The publication provides details from experts familiar with the United States Air Force’s capabilities which “outlined the decline in relative spending for the military branch and the decreasing number and increasing age of the tactical aircraft fleet, along with the lack of modernization and new aircraft.”

The U.S. Air Force (USAF) lacks the ability to “fight a peer conflict, deter elsewhere, and defend the homeland as required by the National Defense Strategy,” according to retired Air Force Lieutenant General David A. Deptula and former Air Force Colonel Mark Gunzinger.

 Foreign Desk News writes:

One of the most significant reasons for this is the decline in combat power and morale in the Air Force is apparent in flying hours, overall readiness, force mentality, and esprit de corps. In the last year alone, flying hours across all aircraft in the Air Force averaged 10.1 hours per month, whereas, in the 1990s, Air Force pilots averaged around 29 flights per month.

In the past, pilots in the USAF could cite their experience and training as a competitive advantage over large numbers of technologically advanced aircraft fielded by America’s enemies. In 2013 however, pilots could no longer boast of their training, experience, or aircraft advancements. The same year, USAF officials noted that training hours for pilots dropped to the level once occupied by Soviet pilots during the Cold War, with American pilots having fewer hours than Chinese, Indian, or European pilots.
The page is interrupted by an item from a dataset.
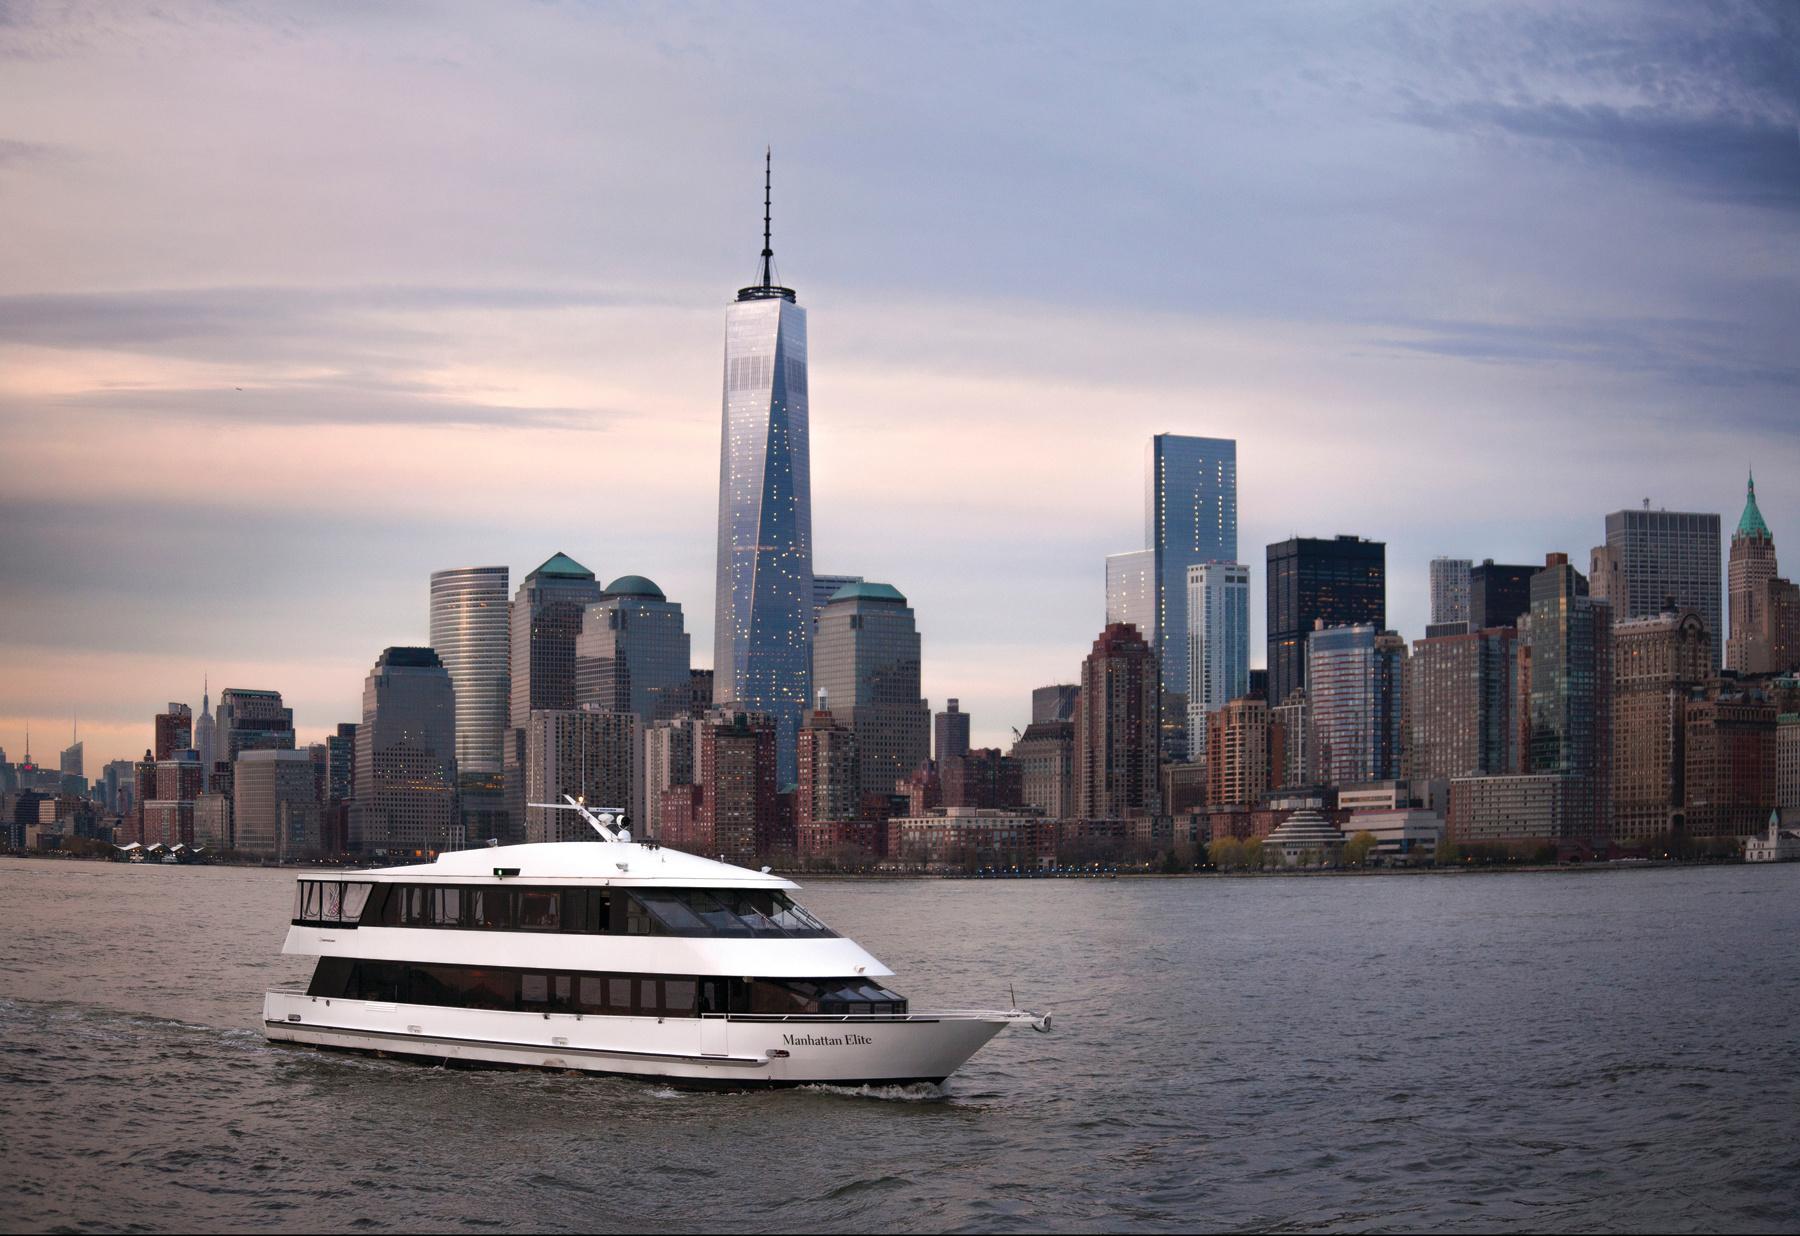 Manhattan Elite

In the years after 2013, the USAF was short 2,000 pilots and has been unable to attract, produce, and hold enough people to fill cockpits. Additionally, the paper points out that the lack of modern equipment for the USAF has been another significant problem for the military branch.

According to Deptula and Gunzinger, past budgets from the American government have divested thousands of aircrafts rather than buying new ones, “providing the Air Force with a smaller, older, and less ready force in the near term.”

Today, the Air Force stands at 2,176 aircrafts compared with a fleet operated by China’s Air Force and its Naval Air Force of around 1,700 combat aircrafts.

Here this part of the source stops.